Arsi Harju might not be a well known name in international athletics but back home in athletics mad Finland, Harju along with most of Finland’s national standard athletes holds a position normally reserved just for football stars in most other countries. Track and field is THE national summer sport in Finland and Arsi Harju is just one of seven 20 metre shot putters that the Finns have produced this season alone!

Finnish Olympic champions are traditionally awarded a house or at very least a building plot in recognition of their triumph and immediately after the competition tonight Harju was musing on his future -

"Not so long ago I spoke about my dream that in my old age I would find myself sitting on a rocking chair in front of my house with a gold medal around my neck. Well, it looks like I’m going to have to start looking for that rocking chair now" smiled an astonished Harju who was quite subdued after his shock win.

"My season started off very poorly. In the spring I was in great physical shape but my technique was a total mess and it was only in late July and then at the Finnish championships in mid August that I really got control of myself in the shot circle" explained Harju.

Harju’s season’s best prior to these championships was his 20.84 metre put with which he won the national championships which were held in the central southern town of Lahti, a town better known internationally as a centre for nordic sports.

Finland is commonly called the "javelin country" due to her great tradition in that event but what has gone unnoticed is Finland’s emerging strength as a shot putting power.
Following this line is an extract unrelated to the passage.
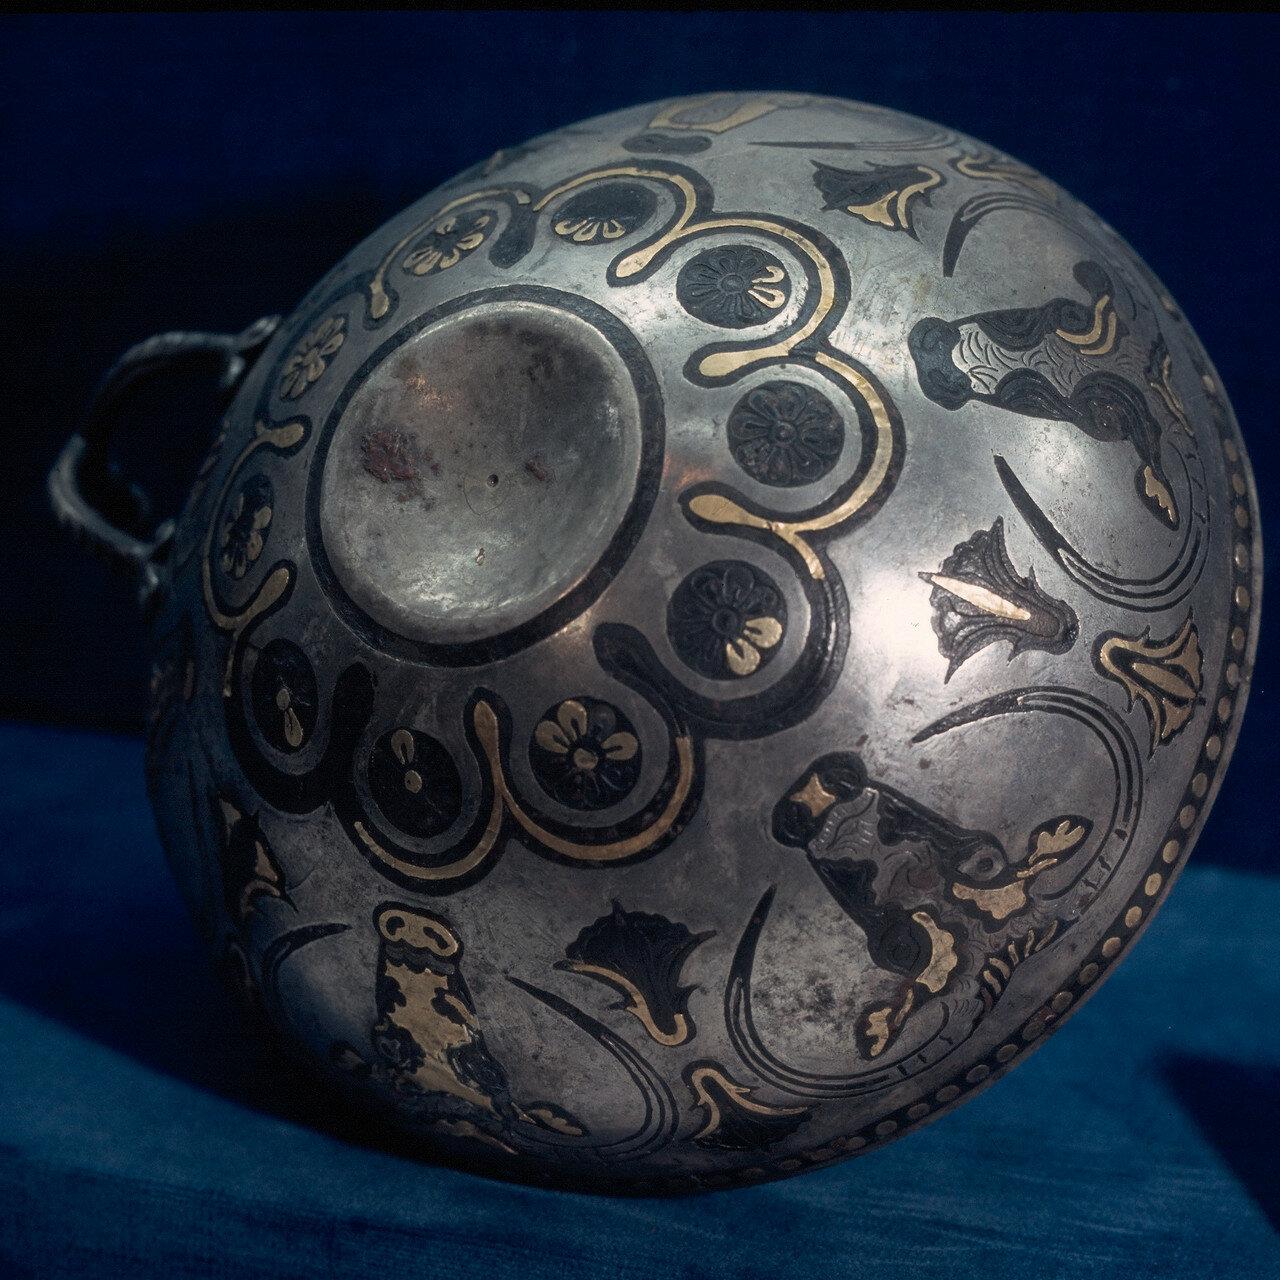 Микенская серебряная чаша с золотом и чернью из Энкоми, диаметр 16 см. XIV в. до н.э.

It should be noticed that the world’s leading shot putter indoors this winter was also a Finn, Mika Halvari the 1995 world indoor champion. Halvari threw a new 22.09 metre national indoor record this winter and but for a rupture to his achilles tendon he would also have been doing battle with his compatriot tonight.

Harju is a quiet man whose main interests are dogs and classic American cars. He is a typically enigmatic Finnish character but after tonight’s victory maybe he will become slightly easier for the rest of the athletics world to recognise.

In stark contrast to Harju who was obviously stunned by his own performance and slightly at a loss for words, America’s Adam Nelson who came into tonight’s final as the outstanding favourite, was very up beat despite "only" taking the silver medal.

"Hey this is my first major senior championship and so I’m delighted with the medal. I’m very impressed with Arsi, he brought out his best tonight and I have great respect for the way he came back and took the lead with two 21 metre throws. No, I was not really aware of him until today. I knew he had thrown 20.84m this season and I think I might have met him in competition earlier in the season in Rome. So yes Harju’s performance did come as a surprise" commented a delighted Nelson.

Bronze medallist John Godina who only made the US team in this event when C.J. Hunter had to retire through injury, was equally happy with the result tonight. "This is not the first time that I have benefited from someone else’s misfortune. I took a similar route into the American team in 1997 when I won the world title. So it seems I was destined for a medal again under these circumstances all along!"